I was at the airport. You know the place. That long sound-tunnel of clicking heels, buzzing wheels, climate control and chicken salad croissants priced at the going rate per-diem.
There were a thousand people scattered around the terminal. They stood, heads bowed to their phones. They sat, heads bowed to their phones. Or they dozed, eyes closed, listening to their phones. Maybe Ke$ha’s “Tik-Tok,” maybe Marc Maron’s new podcast, WTF. It was 2010.
I had my phone, too, and everything else I needed to fly to D.C. to meet my wife for a short vacation. I was confident that I hadn’t forgotten anything, but I double checked my stuff anyway.
Phone, check.
Clothes, check
Wallet, boarding pass, toothbrush, check, check, check.
An immutable sense of self, lived and built for thirty years … Wait … It had to be around here somewhere.
Only it wasn’t. I was in an airport, in which all human experience is soluble.
I’m forty now and have all the more momentum behind what should be a pretty well-realized identity.
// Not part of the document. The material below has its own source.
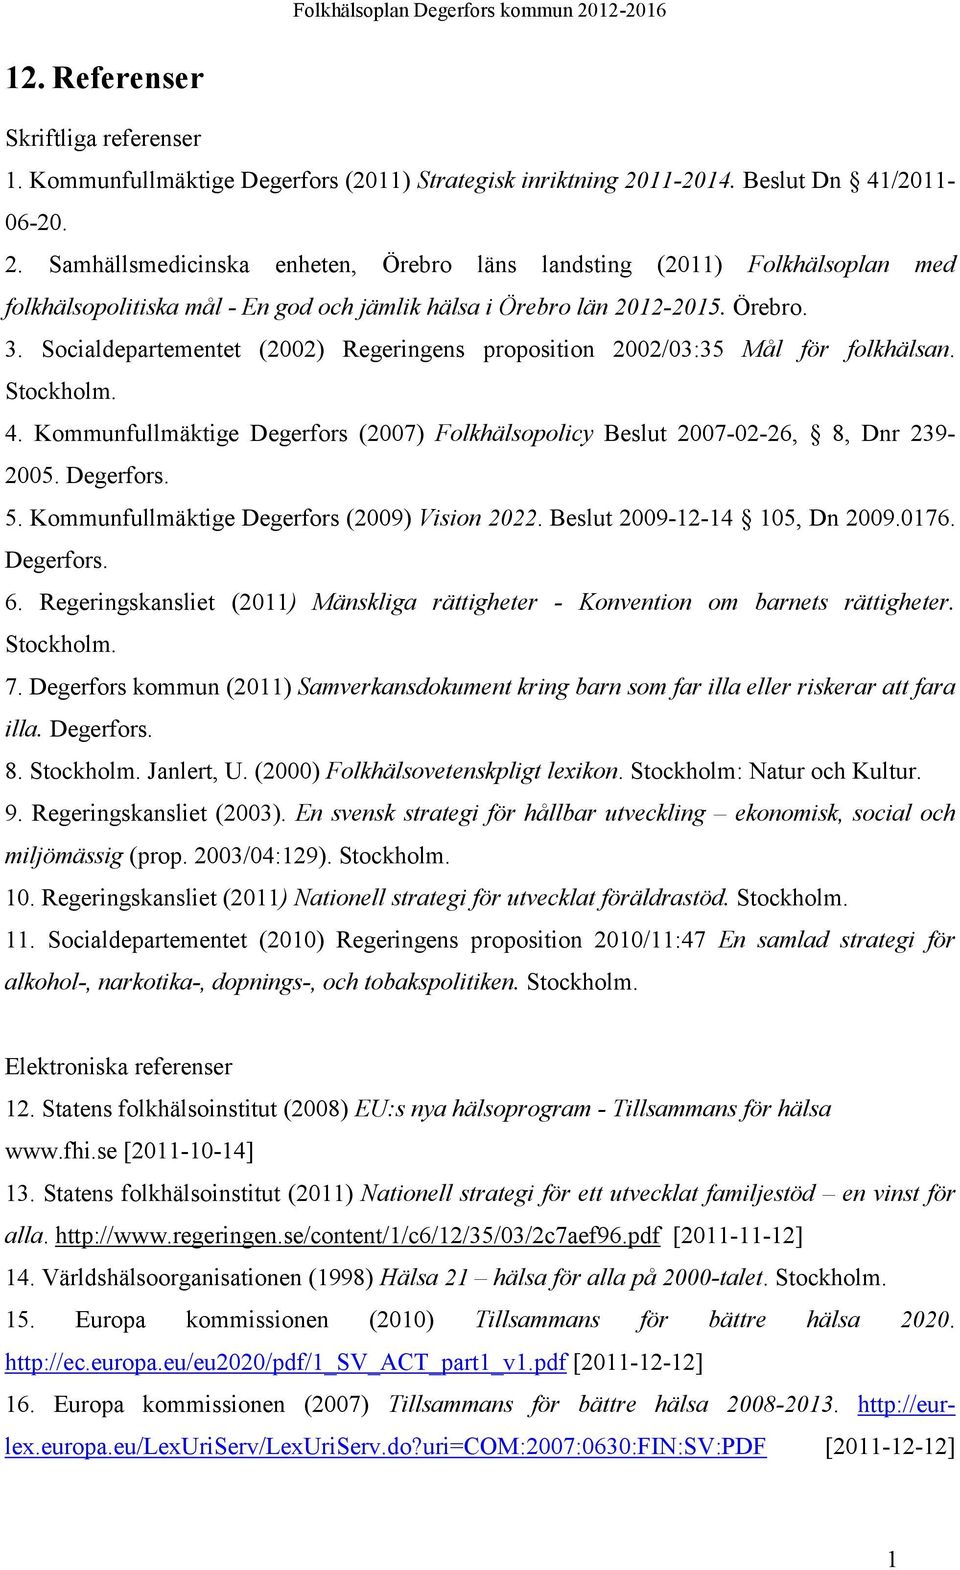 Socialdepartementet (2002) Regeringens proposition 2002/03:35 Mål för folkhälsan. Stockholm. 4. Kommunfullmäktige Degerfors (2007) Folkhälsopolicy Beslut 2007-02-26, 8, Dnr 239-2005. Degerfors. 5.

Yet, since I was twenty and made my first solo trip (it was to Italy for an art project. Yes, I am uncommonly lucky), every time I set out somewhere distant, alone, I lose track of that identity and begin to imagine myself as someone else, my life as something else. My name, my talents, all of it gets a new narrative, often two or three. Think of it as a brief mid-life crisis, only less troublesome.
After all, I’m out of my element, in a place of transition. I’ve left my identity behind. I’ve left my kids at my folks’ house, my wife is three hours away and my minivan is abandoned in the parking structure.
I’m in this new space, this place between here and there. And I see it as a world bursting with potential and possibilities. As I look around, these people could be anyone, and to them, so could I. So why not? I am a stranger among strangers, and the anonymity is liberating. I have had more rewarding, introspective and explorative time spent in airports, in crowded solitude, than in meditative hours at home, or quiet walks down the Ice Age Trail. And I have had more fun there than I probably should have.
“Hey.” (This is me, a stranger approaching a stranger.)
“Hey.” (This is the guy in the cool charcoal suit and shiny shoes.)
“Your suit is really business-y. Are you traveling for work or just for really sharp, tailored fun?”
“Yeah, I’m on business.”
“What do you do?”
“Oh, I’m in consulting. You?”
“Me? I design and build non-lethal obstacle courses for television ninja competitions and tough-mud triathlons. And I make lethal courses for special operations training and team-building retreats.”
“Whoa, really?”
See, super fun. I only wish he had asked me for my name, because I had a good one all queued up, Lagarto Brevemente. He’s from Catalonia.
And that guy might not have even been in consulting. I’ll never know. He might have been trying on a different self like he would a flawlessly fitted seersucker in summer. I just realized I should have asked him his name. Maybe it was, Tom, Tom … Bordingnow, or Marcel Skymiles. Missed opportunities. Oh well.
It’s not all chuckles, though. Without thinking, I have tried on selves that were shallow and callous. I’ve tried on selves that were remorseful, regretting and bitter. Sometimes, memories and wonderings about roads not traveled, or traveled too slowly, lead me to gloomy minutes waiting for my boarding group to be called. I still think it’s for the good, though.
I think a little sadness in solitude is as proper as finding comfort and cheer. And when I find my way back home, where things are not just recognizable, but familiar and comforting, I find myself again, my real self. And it is a relief and a great joy to continue, after all that nonsense, to be the father to my kiddos, the husband to my wife and captain of my minivan.